The derivations of these formulas can be found in my blog articles "DFT Bin Value Formulas for Pure Real Tones" and "An Alternative Form of the Pure Real Tone DFT Bin Value Formula".

I realize this is a reply to a very old post, but Community dredged it up and finding these formulas, and the subsequent inverses which give exact frequency formulas is what got me into DSP.

Ced

Answer 2

If you want to reconstruct a strictly real result sine wave, the input to the IFFT needs to be conjugate symmetric. Whereas your code appears to have not inverted the imaginary component in the upper/negative half of the FFT coefficients. C0 should from your equation, not zero, as non-periodic-in-window sinewaves can end up with a DC offset in that window.

Answer 3

If I understand the question correctly, this result may be of help. Keeping in mind that amplitude modulation is convolution in frequency domain. All you need to do then is convolve the unit impulse in frequency domain by the step function:

$$H({\omega}) = e^{j \omega\frac{N-1}{2}}\frac{\sin\omega\frac{N}{2}}{\sin\frac{\omega}{2}}$$

The equation for the cosine wave is:

$$f[n] = \cos(\omega_0 n) \overset{DTFT}{\leftrightarrow} F(\omega)=1, \omega =\omega_0$$

And likewise for the negative side of the spectrum.
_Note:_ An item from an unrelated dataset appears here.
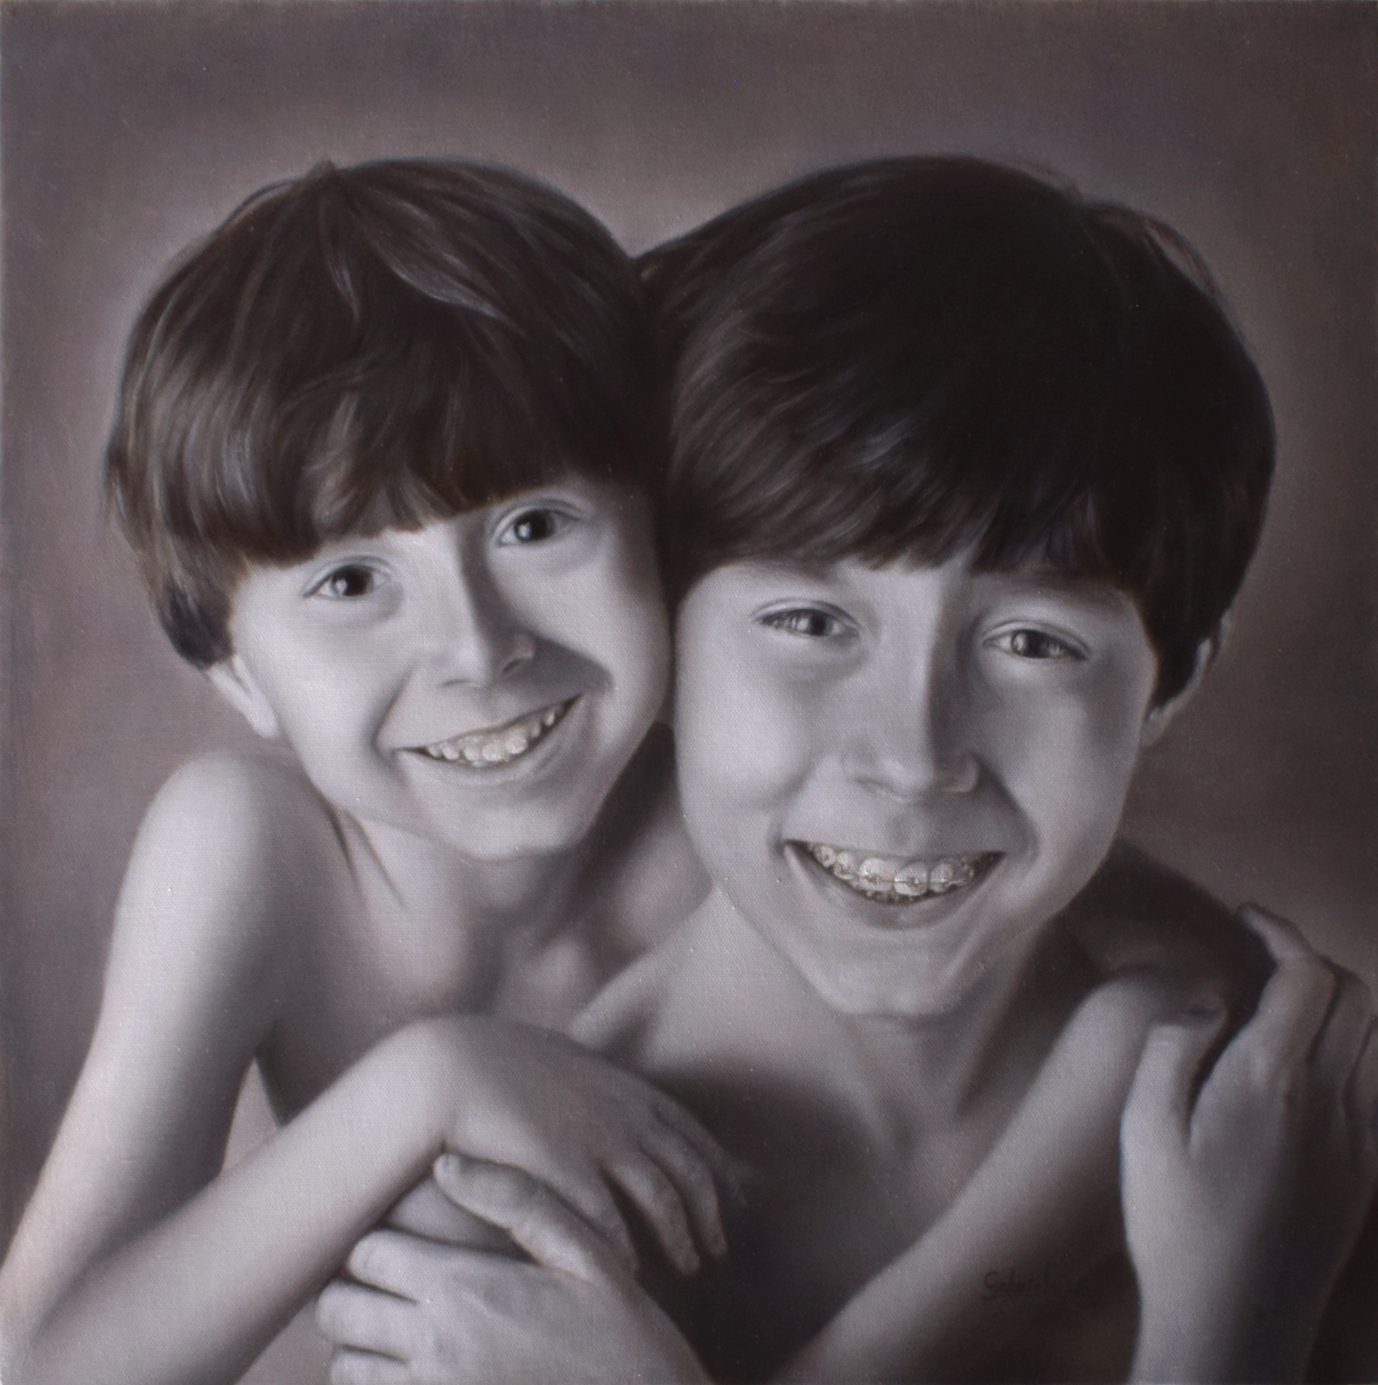 Gabriel e Rafael, oil on canvas, 50 x 50 cm, 2020

The convolution is just a frequency shifted version of the window: $$F(\omega) * H(\omega) = \frac{1}{2}\left (e^{j (\omega-\omega_0)\frac{N-1}{2}}\frac{\sin\{(\omega-\omega_0)\frac{N}{2}\}}{\sin\frac{(\omega-\omega_0)}{2}} + e^{j (\omega+\omega_0)\frac{N-1}{2}}\frac{\sin\{(\omega+\omega_0)\frac{N}{2}\}}{\sin\frac{(\omega+\omega_0)}{2}} \right) $$

Converting this to the DFT representation should not be too difficult. As was hinted in the comments, the rectangular window is not a sinc function in discrete time, I think that's one of your errors. Also I think you have one extra minus sign on the 2nd exponential.